Trying to use the Visual Studio DLL is almost always a bad idea. The Visual Studio DLL is a FIPS DLL, it is hard to use and it is missing all non-FIPS classes. Also see the Visual Studio and FIPS DLL wiki pages, which provide a lot of the gory details.

Instead, directly use the static library. The static library will avoid the problems with the FIPS DLL, and make a program faster and more secure. DLL Hell affects more than just Windows systems. Also see Breaking the Links: Exploiting the Linker and Dynamic Linking. And things only got worse with Versioned Symbols.

If your heart is set on creating a Windows DLL with a selection of classes you provide, then see Converting static link library to dynamic dll on Stack Overflow. You can use the static library and a module-definition file (DEF file) to do it.

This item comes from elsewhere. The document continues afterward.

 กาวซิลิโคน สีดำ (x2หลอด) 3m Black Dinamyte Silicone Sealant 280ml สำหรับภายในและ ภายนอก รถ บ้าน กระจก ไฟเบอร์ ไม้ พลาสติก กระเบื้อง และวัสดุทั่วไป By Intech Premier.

An additional problem on Linux and Unix is, the makefile can produce a shared object that exports nearly every symbol the library has. The shared object with symbols is over 41 MB on x86_64, and you won't use most of the code. It is also slow to load because the export table is so large. Once you investigate things you probably don't want to use the library's shared object.

Wrapper DLLs and shared objects can use symbol visibility to help control some of the problems with DLLs and shared objects. It is easier to control visibility and improve load times using a wrapper because you know exactly what must be exported. In fact GCC reports one C++ library went from a 6 minute load time to an 8 second load time when symbol visibility was used. Also see Visibility on the GCC wiki.

Wrapper DLLs and shared objects have one tricky area due to C++ exceptions. As a general rule of thumb, you should not let exceptions cross a module boundary. The DLL or shared object should always catch Crypto++ exceptions and return a success/failure code. If an exception is intended to cross a module boundary then Runtime Type Information (RTTI) must be available so the caller can catch the exception.

This page will show you how to create a wrapper DLL or shared object that is considerably smaller in size that you can use in you Android, iOS, Linux and Windows projects. If you use a C-interface then you can use them in managed languages like Java and .Net, too.

Related wiki articles are Nmake (Command Line), MSBuild (Command Line), Visual Studio and FIPS DLL.

Runtime Linking

Runtime linking is Windows specific, and Linux and Unix users can skip this section. By default the Visual Studio project uses static runtime linking. That usually causes problems in projects that use the C++ runtime in a dynamic configuration, like ATL, MFC and Qt. The problems include duplicate library symbols during linking and memory errors at runtime.

Before you begin to wrap the static library in a DLL you should probably change runtime linking from static to dynamic in the Visual Studio project files. You can find the instructions at Visual Studio | Runtime Linking.

Once you change the runtime linker settings you should clean and rebuild the library. After changing the setting you should not have problems with duplicate symbols when using libraries like ATL, MFC and Qt.

External API

The first thing you should do is design the basic interface for your wrapper DLL or shared object. For demonstration purposes this article creates a shared object to generate and verify SHA256 digests.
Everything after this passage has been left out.